Subsequently, the authors found that the development of diabetes in IRS2-deficient mice was related to a more complete induction of hypothalamic inflammation, and on the other hand, only a partial induction of hypothalamic inflammation was detected in prediabetic IRS2-deficient mice. Regarding the potential underlying pathways, both NF-κB and JNK were significantly activated in diabetic IRS2-deficient mice, agreeing with recent findings showing that NF-κB- and JNK-mediated hypothalamic inflammation cause peripheral insulin resistance and systemic glucose intolerance (20, 2224). Furthermore, several classical NF-κB products were examined, such as TNF-α, suppressor of cytokine signaling 3 (SOCS3), and IL-6. Results showed that TNF-α mRNA increased in the hypothalamus of the diabetic group, SOCS3 mRNA increased in the hypothalamus of the prediabetic group, and IL-6 mRNA increased in both groups. Thus, a certain format of hypothalamic inflammation, presumably due to activation of both NF-κB and JNK, was associated with the absent compensatory action of hypothalamic IRS1 signaling in the diabetic IRS2-deficient mice.

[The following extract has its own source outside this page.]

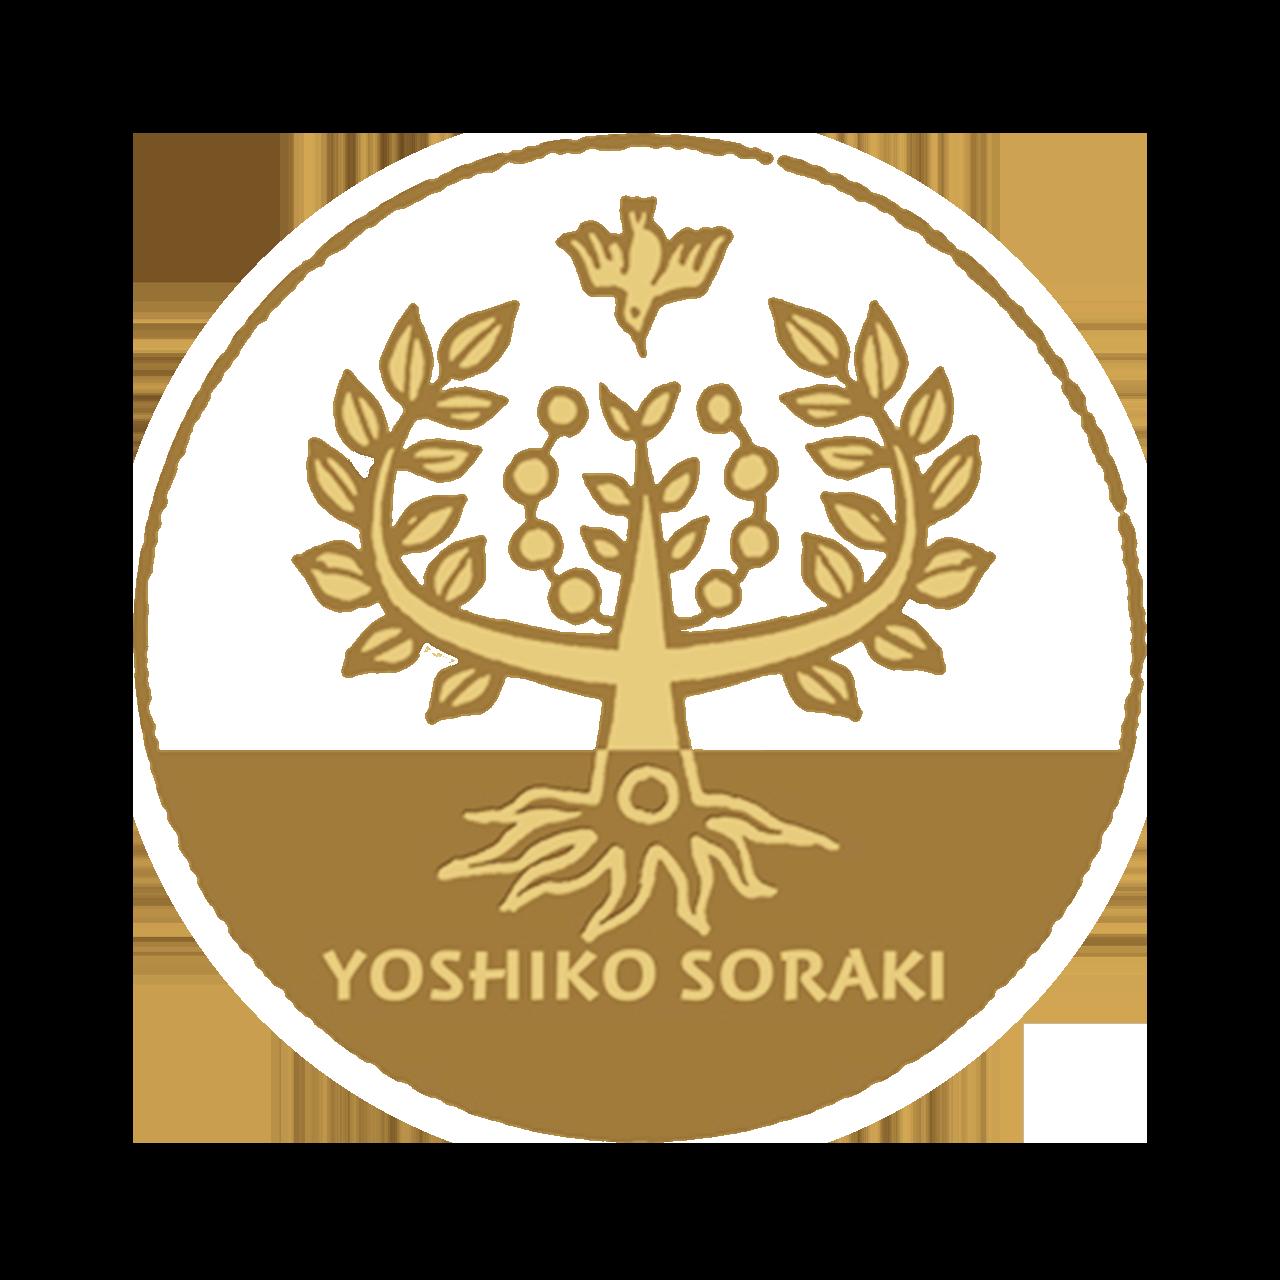 soraki_image_logo
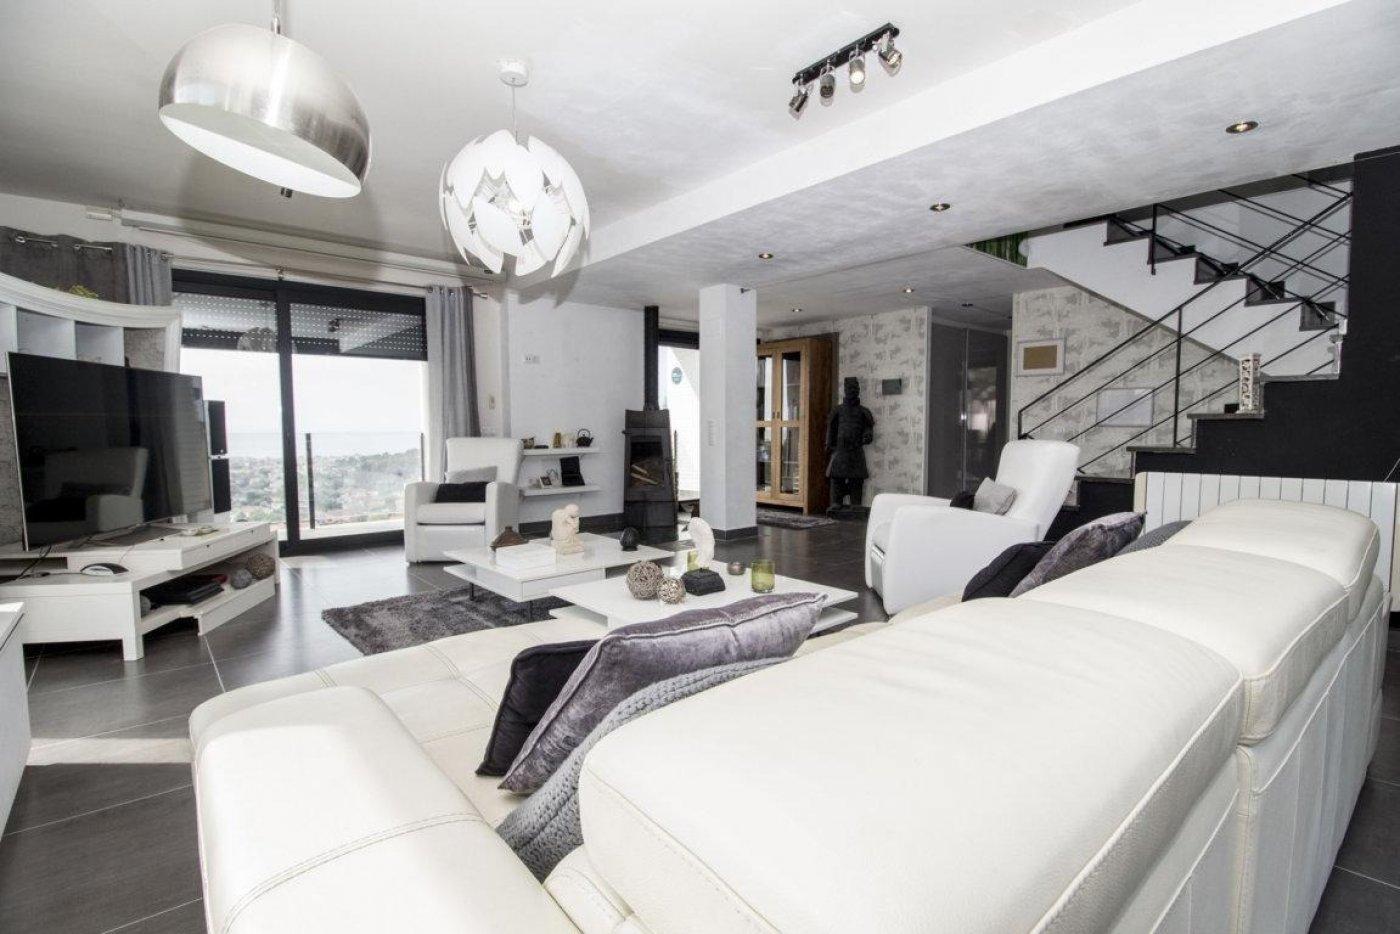 Casa exclusiva con piscina - imagenInmueble4

This finding aligns with the established role of these inflammatory pathways in inhibiting insulin signaling (15, 30, 31), and the effects of inhibiting the hypothalamic NF-κB or JNK pathway in counteracting glucose metabolic disorders in peripheral tissues (1723, 25). On the other hand, despite these understandings, it remains to be experimentally proved whether the pattern of hypothalamic inflammation revealed in this study could indeed mediate the transition from prediabetes to diabetes in the group of IRS2-deficient mice. Further research is needed to examine the predicted causal role of hypothalamic inflammation in the development of diabetes in this genetic model and perhaps other models as well.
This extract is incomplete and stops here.